Local Environment Smoke Tests

This guide describes a lightweight pattern for testing a custom SkillOpt environment before connecting it to expensive model calls or a full benchmark dataset.

The goal is to validate the training loop plumbing first:

config loading
adapter construction
dataloader splits
rollout output shape
reflection patch shape
merge/rank/update control flow
artifact creation under out_root

Once those are stable, you can switch the same environment to real model calls and larger evaluation splits.

1. Add a tiny fixture split

Start with a handful of deterministic examples that cover the expected pass/fail cases for your environment. Keep them small enough that a single training step can run locally.

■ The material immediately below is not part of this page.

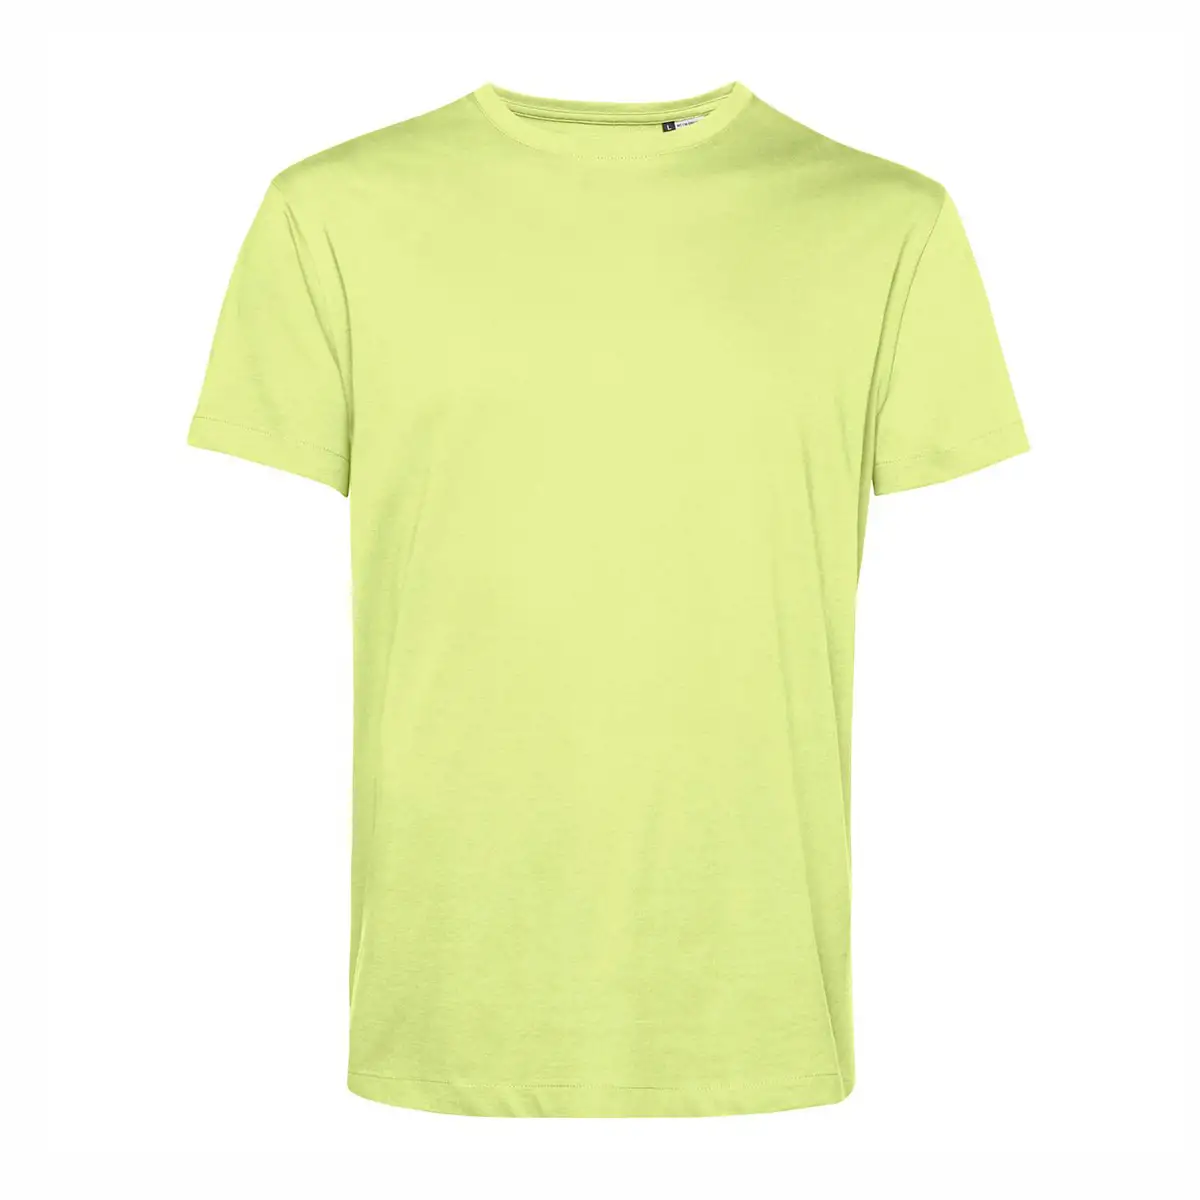 T-shirt colorata uomo cotone organico #Organic E150

A minimal fixture item usually needs:

{
  "id": "example-1",
  "split": "train",
  "question": "...",
  "expected": "..."
}

Use the split names your adapter maps to SkillOpt phases:

train for optimization rollouts
val or valid_seen for selection/gating
test or valid_unseen for final evaluation

2. Support an offline mock mode

Add a configuration flag such as mock: true to your adapter. In mock mode, rollout() should return deterministic responses without calling external model APIs.

This lets you verify the SkillOpt loop with a fast command such as:

python scripts/train.py \
  --config configs/myenv/tiny_mock.yaml

Mock mode should still write the same artifacts as a real run, for example:

responses.json
rollout_results.json
ranked_edits.json
candidate_skill.md
summary.json

3. Keep the smoke config tiny

A CI-friendly smoke config should run a single small step:

train:
  num_epochs: 1
  train_size: 3
  batch_size: 3

gradient:
  minibatch_size: 1
  merge_batch_size: 2
  analyst_workers: 1
  max_analyst_rounds: 1

optimizer:
  learning_rate: 1
  min_learning_rate: 1
  lr_scheduler: constant
  skill_update_mode: patch
  use_slow_update: false

evaluation:
  use_gate: true
  sel_env_num: 2
  test_env_num: 2
  eval_test: false

env:
  name: myenv
  out_root: outputs/myenv_tiny_mock
  mock: true

Prefer a mock config that runs without credentials. That makes it useful for contributors and CI.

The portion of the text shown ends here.